In this series of blog posts I have been investigating how accusations of hypocrisy are deployed by combatants on both sides of the climate debate – a firefight that is less about whether something should be done and more about when something should be done and by who. Do we close down the coal mines today or tomorrow? Do we put the dishwasher on an eco-cycle or revamp the entire transport network?

Those that argue something needs to be done right now, the “nowists” if you like, have taken to the streets to make their voice heard, attempting to expose the hypocrisy of institutional bodies who say, alternatively, that this can all happen in good time, the “good timers” if you will. The good timers, for their part, attempt to expose the hypocrisy of the nowists,  as judging one and all, whilst not acting on any of these changes themselves.
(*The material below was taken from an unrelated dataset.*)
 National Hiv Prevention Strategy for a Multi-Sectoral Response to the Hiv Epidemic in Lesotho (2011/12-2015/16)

But both groups, in their very accusations of hypocrisy, point to a common ground, the basic moral principles a society should abide by. When those principles became clear eg during the second world war, with one nation united against a common foe, accusations of hypocrisy disappeared. It is only now, during a peacetime of ‘culture wars’, with our plural identities, that hypocrisy feels rife. When in fact beneath the surface these same moral certainties remain.

In the bish-bash-bosh of social media we might be forgiven for thinking there are no better or worse hypocrisies only entrenched positions of mutual distrust. But is this really the case? In previous posts I’ve talked about personal and insitutional double standards; the difference between an individual discrepancy, eg driving a car to a climate protest, and a government double speak, eg opening new coal mines after signing up to a climate agreement.
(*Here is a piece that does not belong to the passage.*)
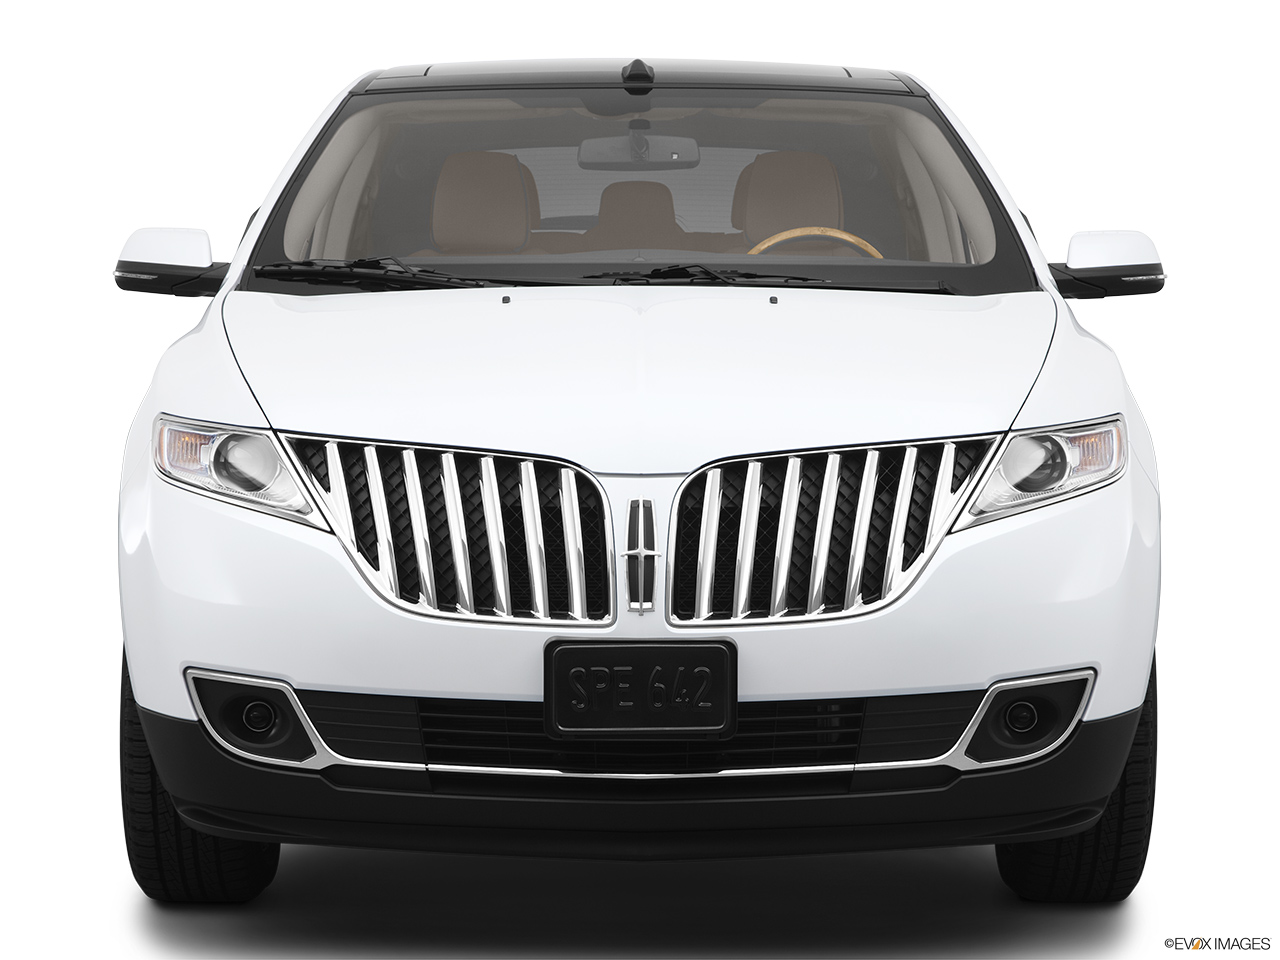 2013 Lincoln MKX FWD Low/wide front.

But there is another way of looking at hypocrisy – narrow and broad[i]. In narrow, an individual expresses an expedient opinion, perhaps to gain votes or followers, whilst acting in an entirely different way for self-interest. In the broad sense, there are things we all fall short on, eg taking our children to school in a car whilst being worried about climate breakdown. Narrow hypocrisy seems far less morally palatable than this broad kind.

Those at the forefront of activism eg civil rights activists or climate protestors, cannot help but be hypocrites in the broad, day to day, sense. They cannot make change happen without falling short of their own high standards in a society that has yet to accept that change.
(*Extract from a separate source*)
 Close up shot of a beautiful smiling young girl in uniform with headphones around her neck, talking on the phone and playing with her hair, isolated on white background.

This is not to say that all activists should get a free pass but on the other hand calling all climate activists hypocrites isn’t enough. We need to think carefully about what kind of hypocrites they are and where their motivations begin and end.

As I write Rishi Sunak, the UK Government Treasurer, is charging oil companies a windfall tax in the energy crisis whilst at the same time giving tax breaks to those same companies for investing in oil exploration. The moral equation, on the surface, reads as: we the government,are helping you the people, now. But Rishi Sunak’s “nowism” turns out to be an inverted “Maoism” of considerable distortions. Those most vulnerable to the effects of climate change, the poor and marginalised, are having their futures diminished by fossil fuel excavation. This isn’t sturdy conservative pragmatism, it isn’t a “just transition to a carbon free economy”, it is duplicitous hypocrisy of the narrowest kind, which benefits those with the least to lose, affluent oil companies and elite politicians.

Am I guilty of creating my own Faultline here? Of setting up yet another antagonism? I don’t think so. If we analyse hypocrisy closely enough, we can all see, regardless of our political affiliation, a basic sense of right or wrong, a clear demarcation of decency or duplicity. In the second world war this was self-evident. In the Ukraine crisis our shared moral and ethical codes are rapidly developing. In the climate wars our shared ethical framework is proving slower to coalesce but the sooner we can gather around this common cause, the sooner we can find a way out of the maze of hypocrisy, and onto a more sensible conversation about what we need to do and when.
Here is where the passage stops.